Incrementing by one gives 4321 + 1 = 4322.
Thus, the result should be [4,3,2,2].

Example 3:

Input: digits = [9]
Output: [1,0]
Explanation: The array represents the integer 9.
Incrementing by one gives 9 + 1 = 10.
Thus, the result should be [1,0].

 

Constraints:

• 1 <= digits.length <= 100
• 0 <= digits[i] <= 9
• digits does not contain any leading 0's.

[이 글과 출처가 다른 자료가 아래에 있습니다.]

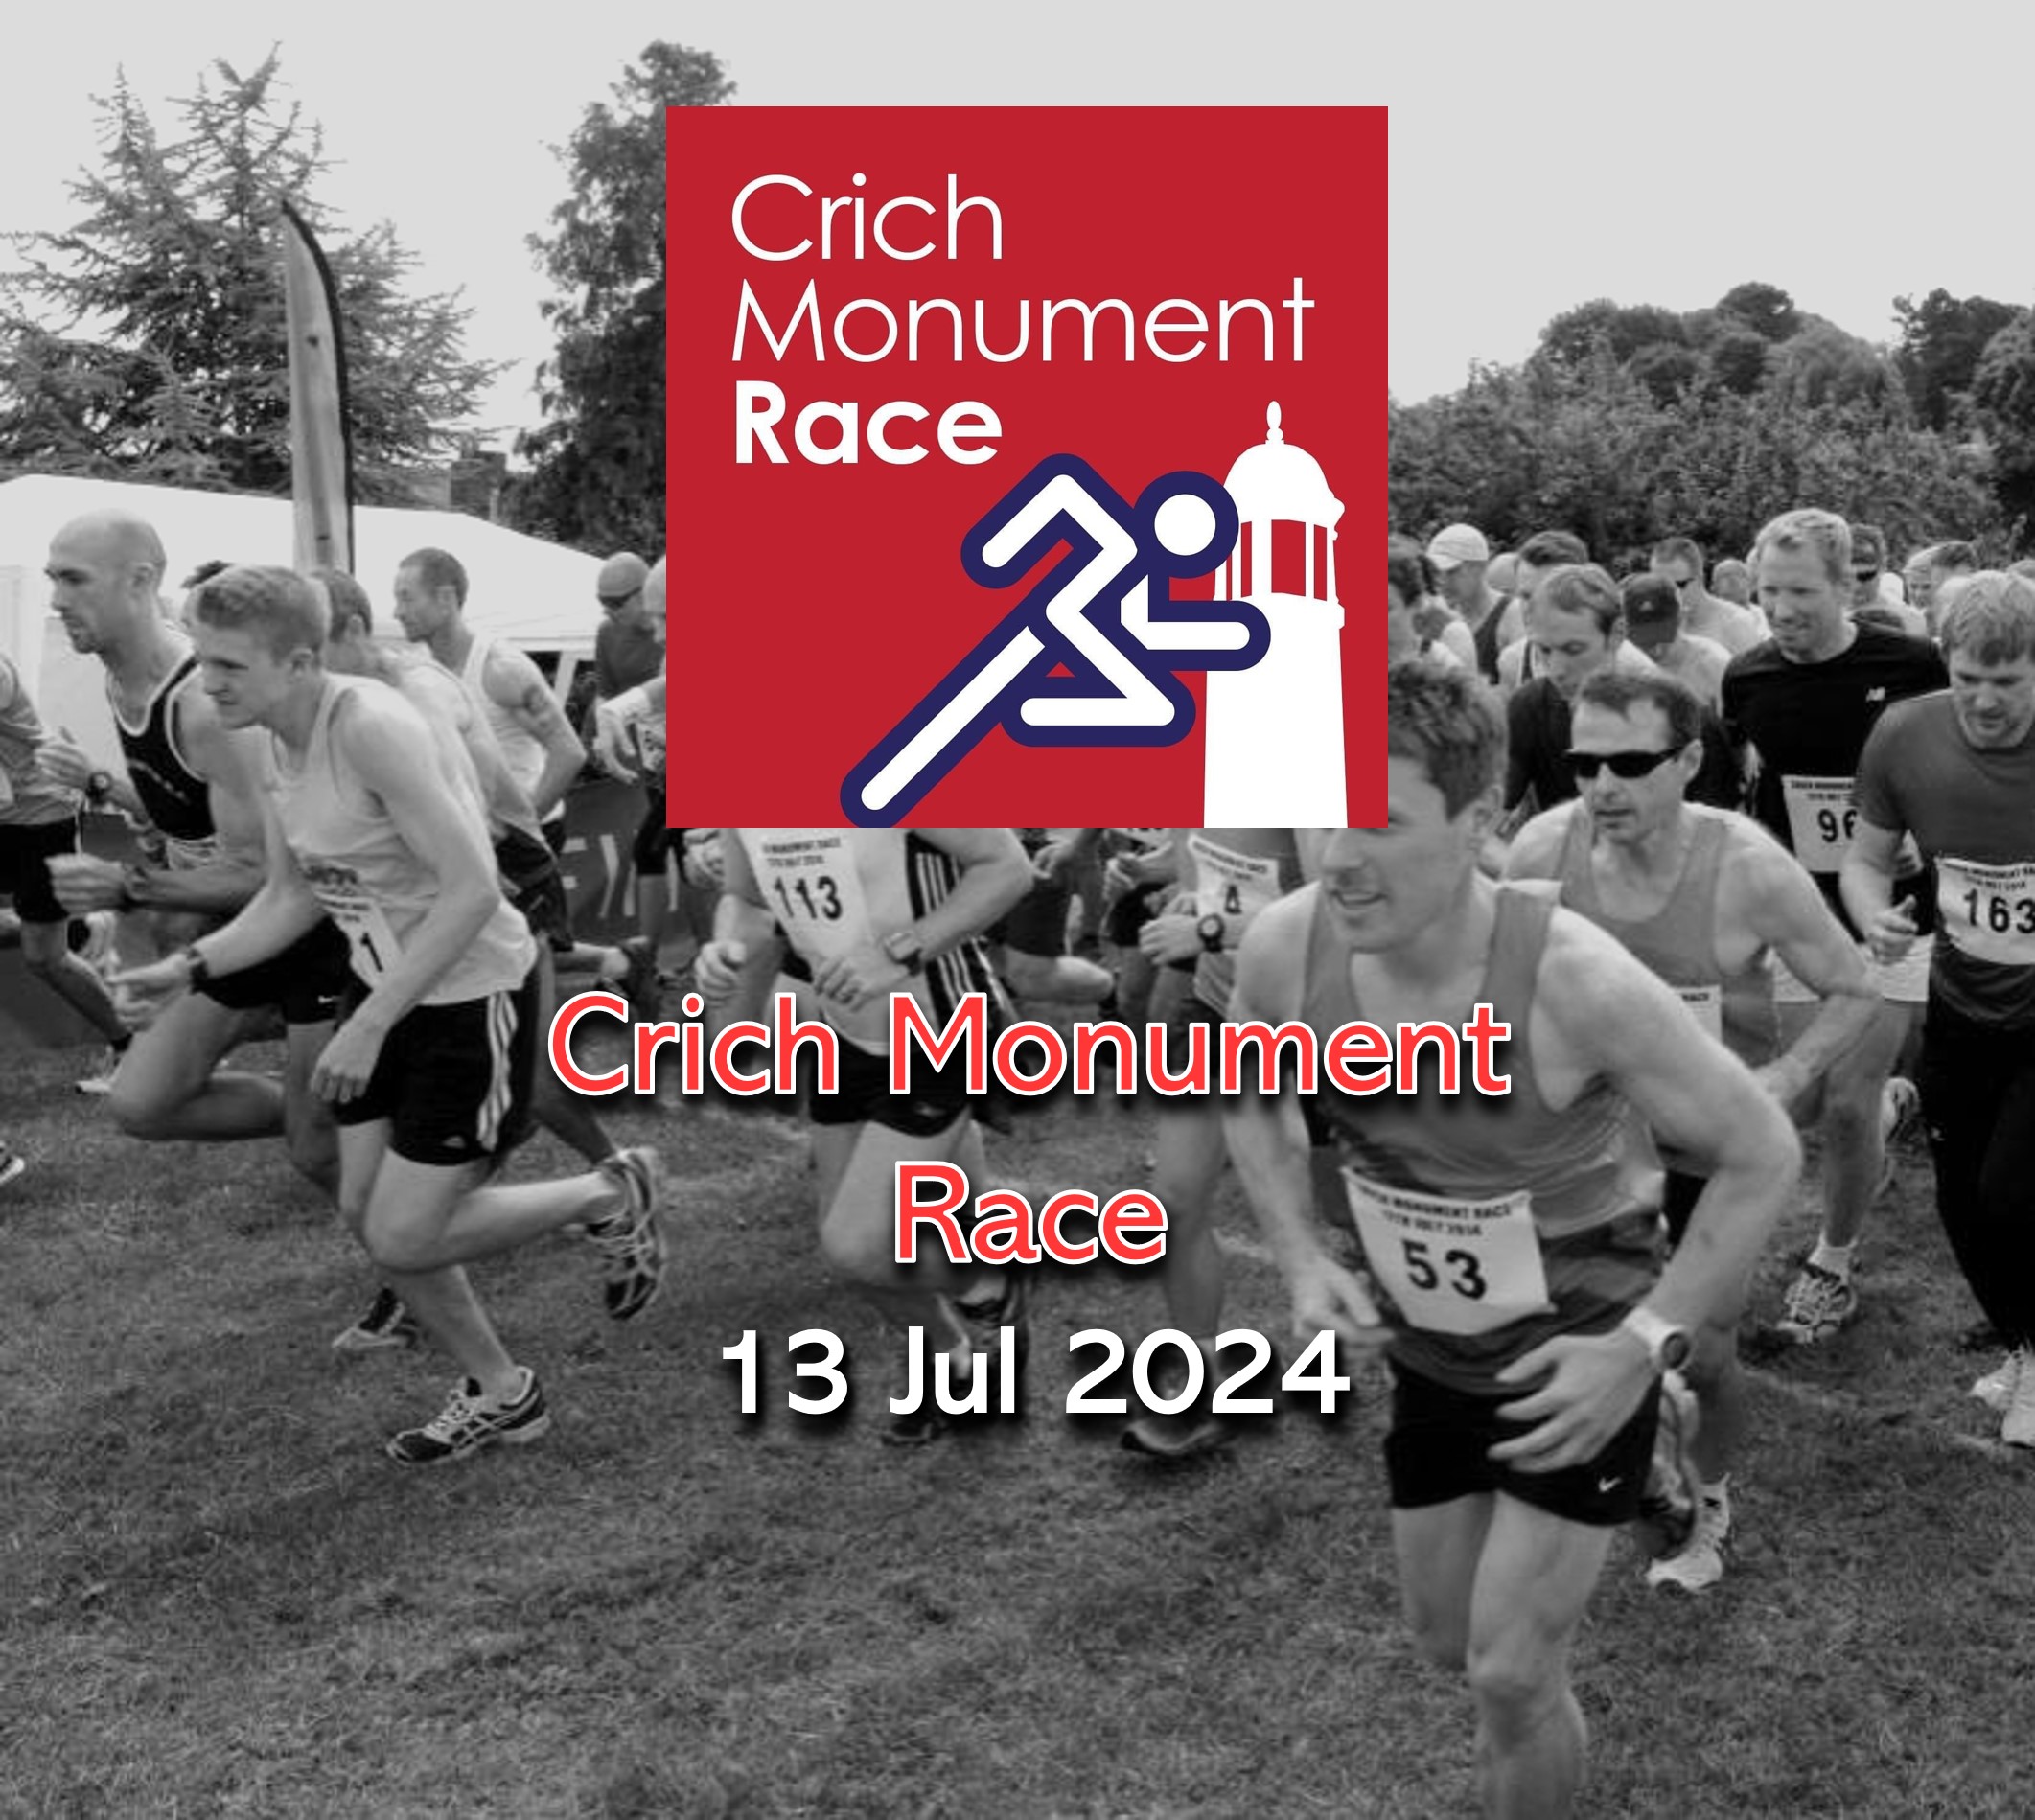 Crich Monument Race 2024

Easy 난이도라 만만히 보고 들어갔다가 수학때문에 꽤나 고전했다.

생각보다 edge case가 다양했던 문제다.

 

덧셈해서 다음 숫자까지 영향을 받는 경우는 Carry = 1 을 활용허자

 

1. C

/**
 * Note: The returned array must be malloced, assume caller calls free().
 */
int* plusOne(int* digits, int digitsSize, int* returnSize) {
    int* ans = (int*)malloc((digitsSize+1)*sizeof(int));
    int carry = 1;

    for(int i = digitsSize-1;i>=0;i--){
        int sum = carry + digits[i];
        if(sum==10){
            ans[i+1] = 0;
        }else{
            ans[i+1] = sum;
            carry = 0;
        }
    }
    if(carry == 1){
        ans[0] = 1;
        *returnSize = digitsSize+1;
    }else{
        for(int i=0;i<digitsSize;i++){
            ans[i] = ans[i+1];
        }
        *returnSize = digitsSize;}
    return ans;
}

 

2. C++

class Solution {
public:
    vector<int> plusOne(vector<int>& digits) {
        int c = 1;
        int size = digits.size();
        for(int i=size-1;i>=0;i--){
            int sum = digits[i] + c;
            if(sum==10){
                digits[i] = 0;
            }else{
                digits[i] = sum;
                c = 0;
            }
        }
        if(c==1) digits.insert(digits.begin(),1);
        return digits;
    }
};

 

3. Python

class Solution:
    def plusOne(self, digits: List[int]) -> List[int]:
        cond = False

        for i in range(len(digits)-1,-1,-1):
            if digits[i] !=9 :
                digits[i]+=1
                cond = True
                break
            else:
                digits[i]=0

        if not cond:
            digits = [1] + digits
        return digits